BEGIN Data extract

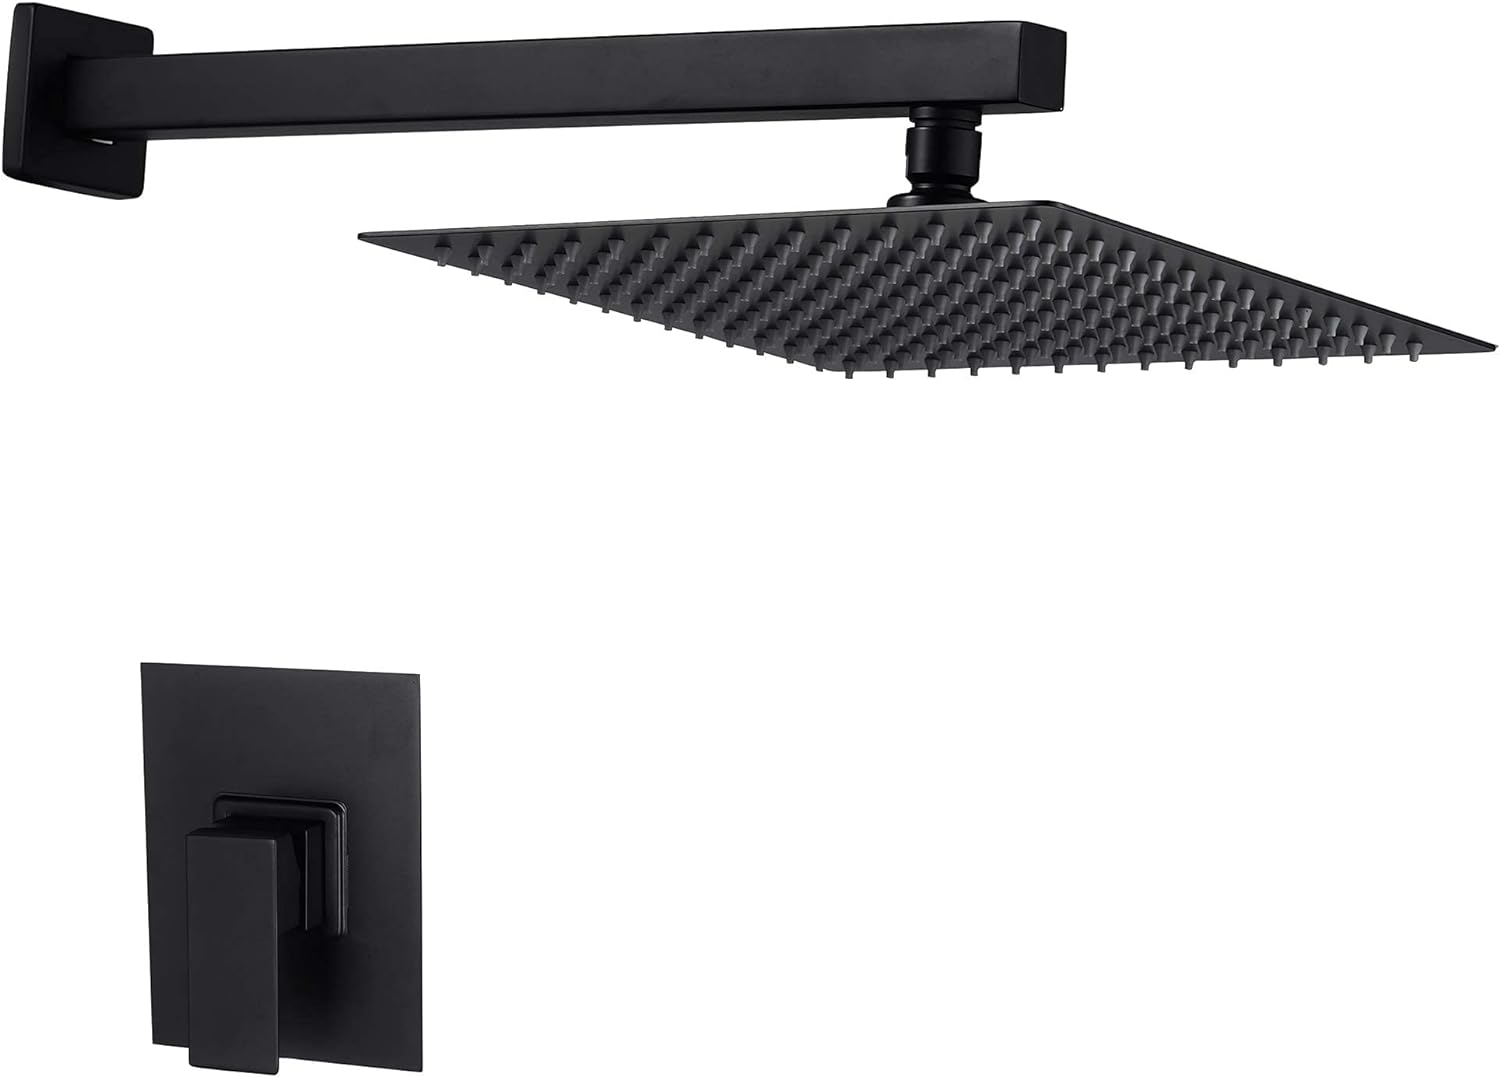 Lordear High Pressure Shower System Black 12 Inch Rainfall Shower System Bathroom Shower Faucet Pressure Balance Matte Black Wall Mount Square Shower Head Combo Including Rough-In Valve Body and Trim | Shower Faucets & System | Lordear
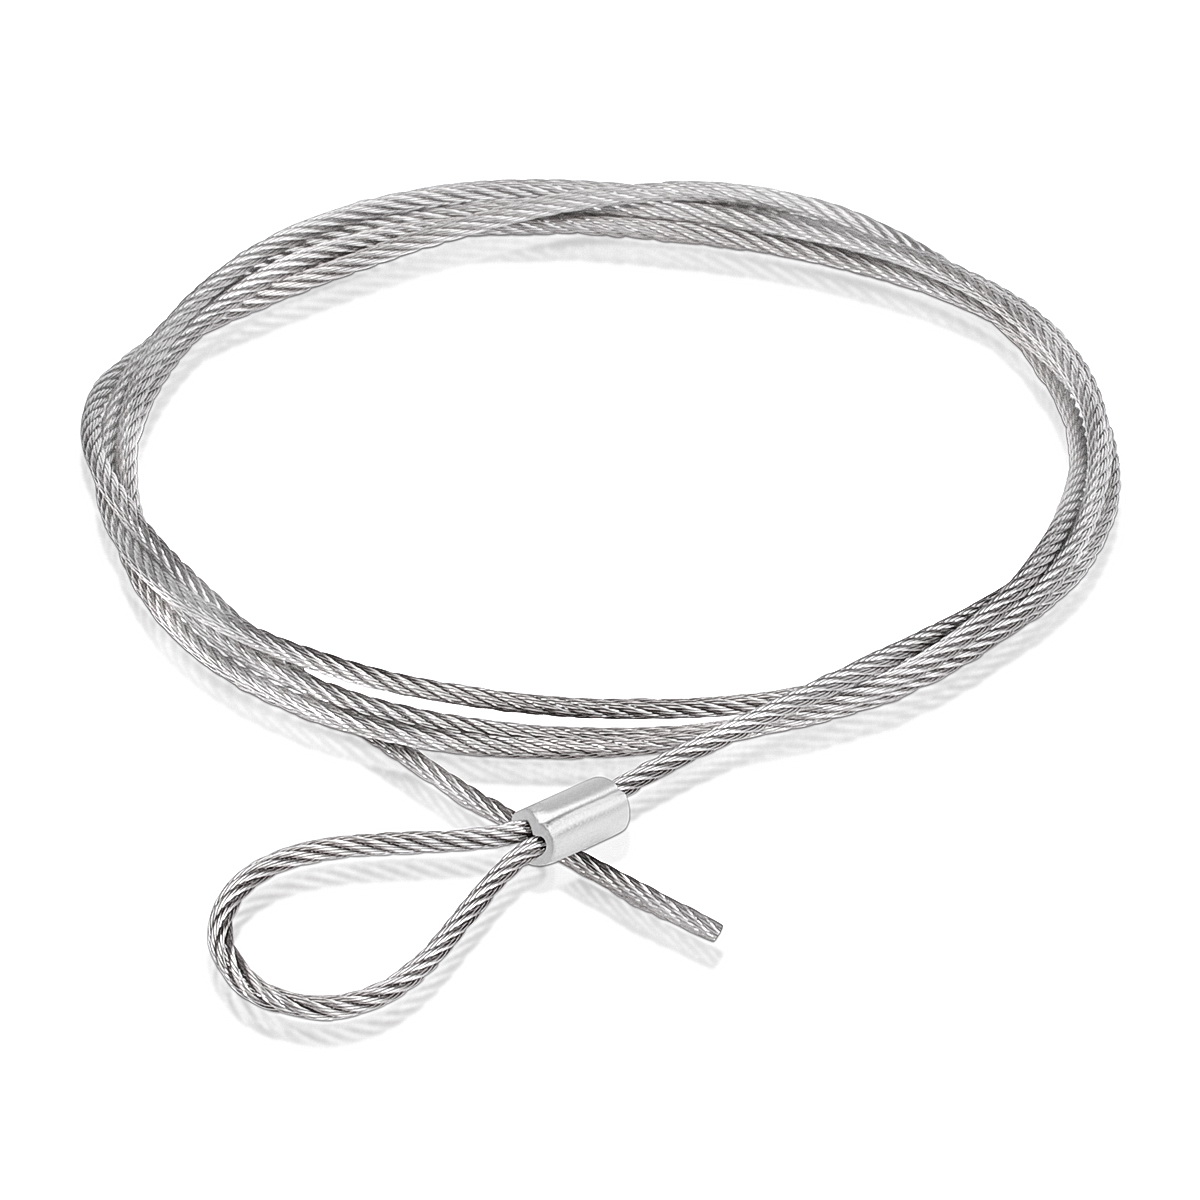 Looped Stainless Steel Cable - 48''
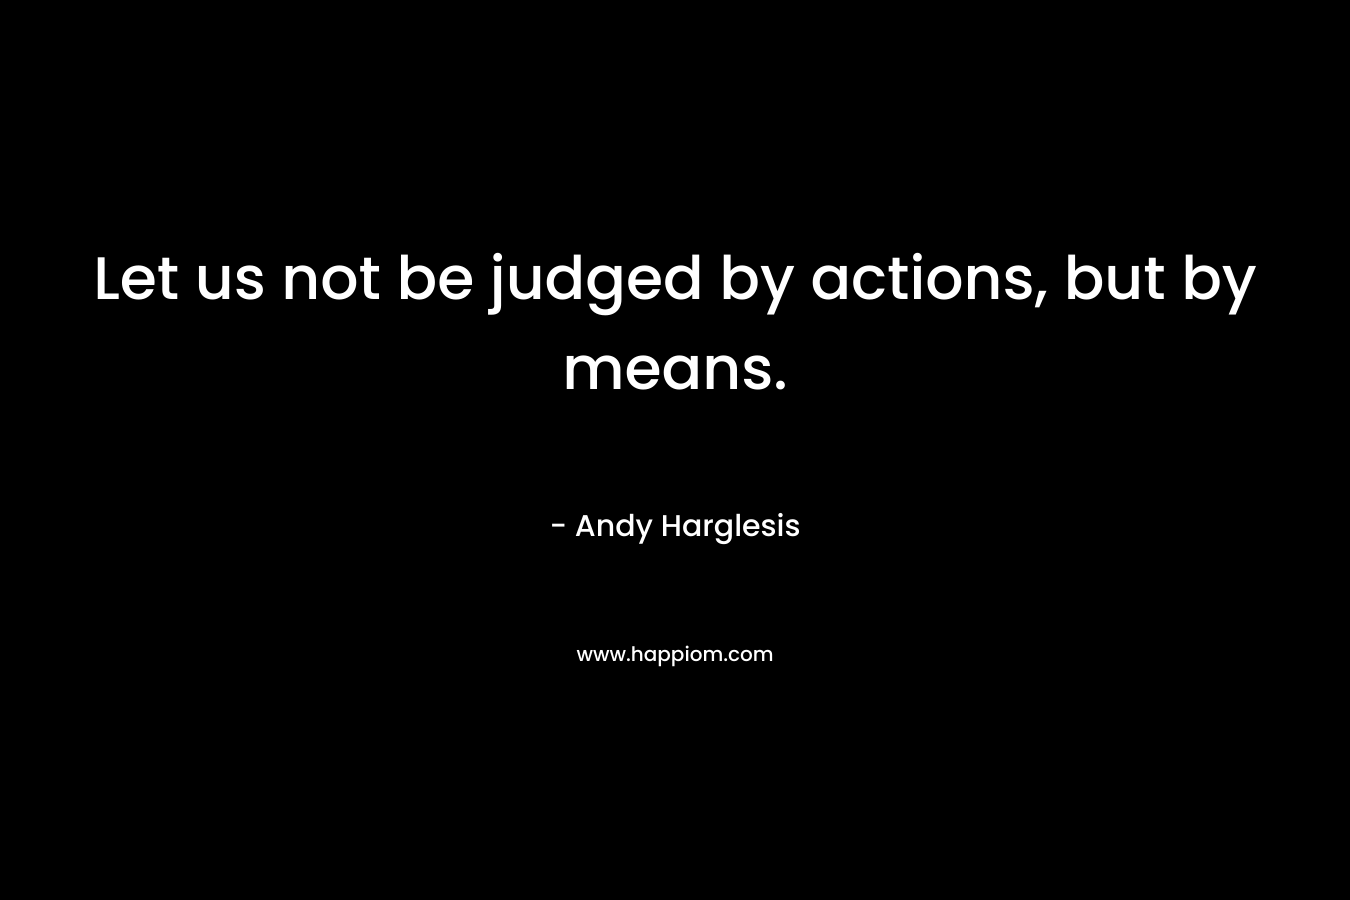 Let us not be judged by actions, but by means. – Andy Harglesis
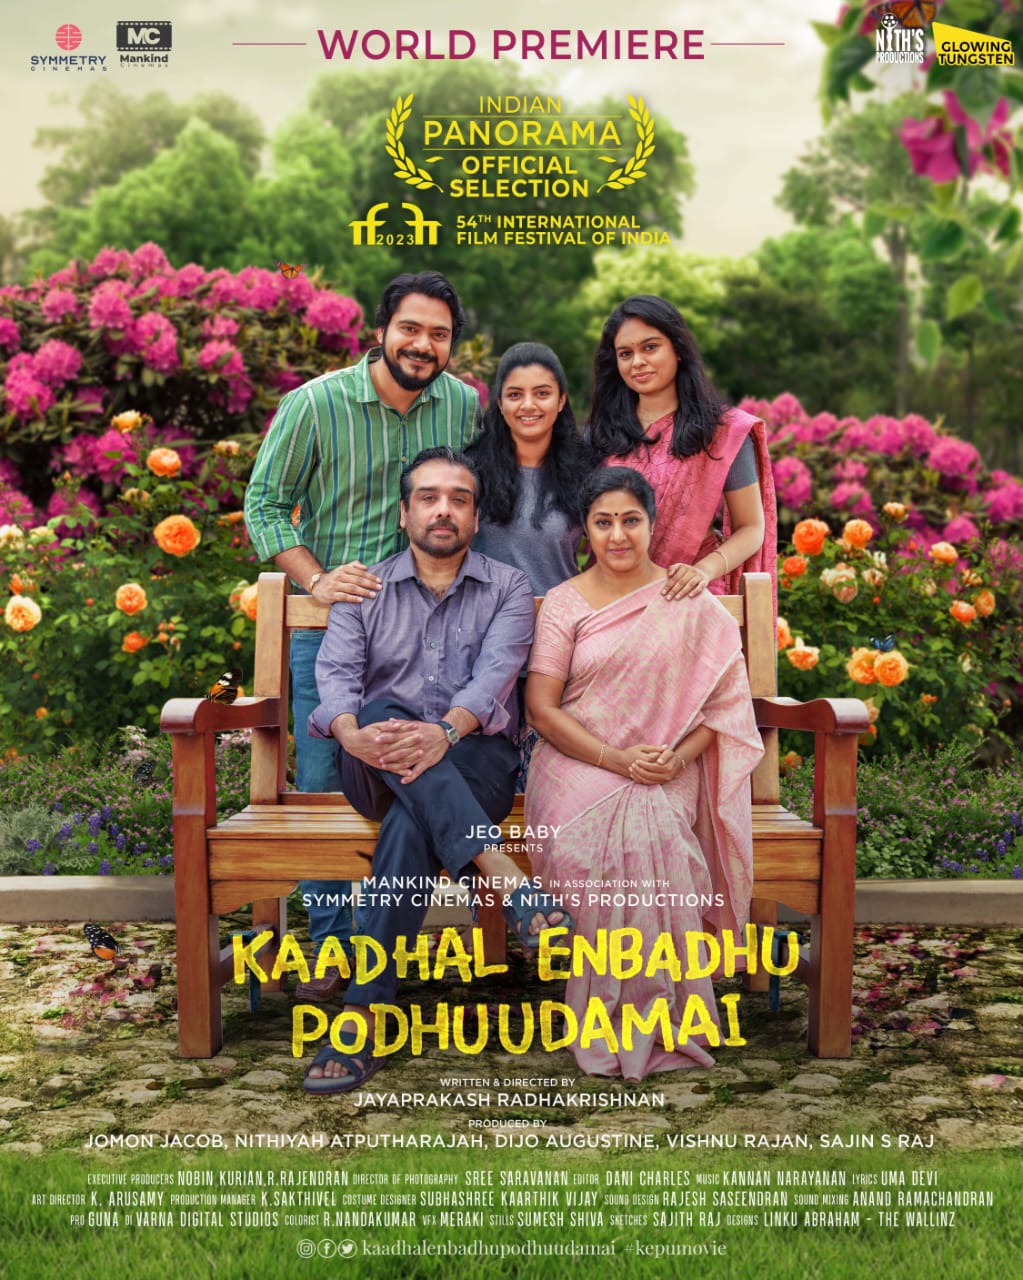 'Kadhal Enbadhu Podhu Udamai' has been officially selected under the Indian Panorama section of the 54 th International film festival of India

END Data extract

### Directions for this task
Would you write out the data exactly, with no pictures in the copy?

### Response below
 Lordear High Pressure Shower System Black 12 Inch Rainfall Shower System Bathroom Shower Faucet Pressure Balance Matte Black Wall Mount Square Shower Head Combo Including Rough-In Valve Body and Trim | Shower Faucets & System | Lordear
 Looped Stainless Steel Cable - 48''
 Let us not be judged by actions, but by means. – Andy Harglesis
 'Kadhal Enbadhu Podhu Udamai' has been officially selected under the Indian Panorama section of the 54 th International film festival of India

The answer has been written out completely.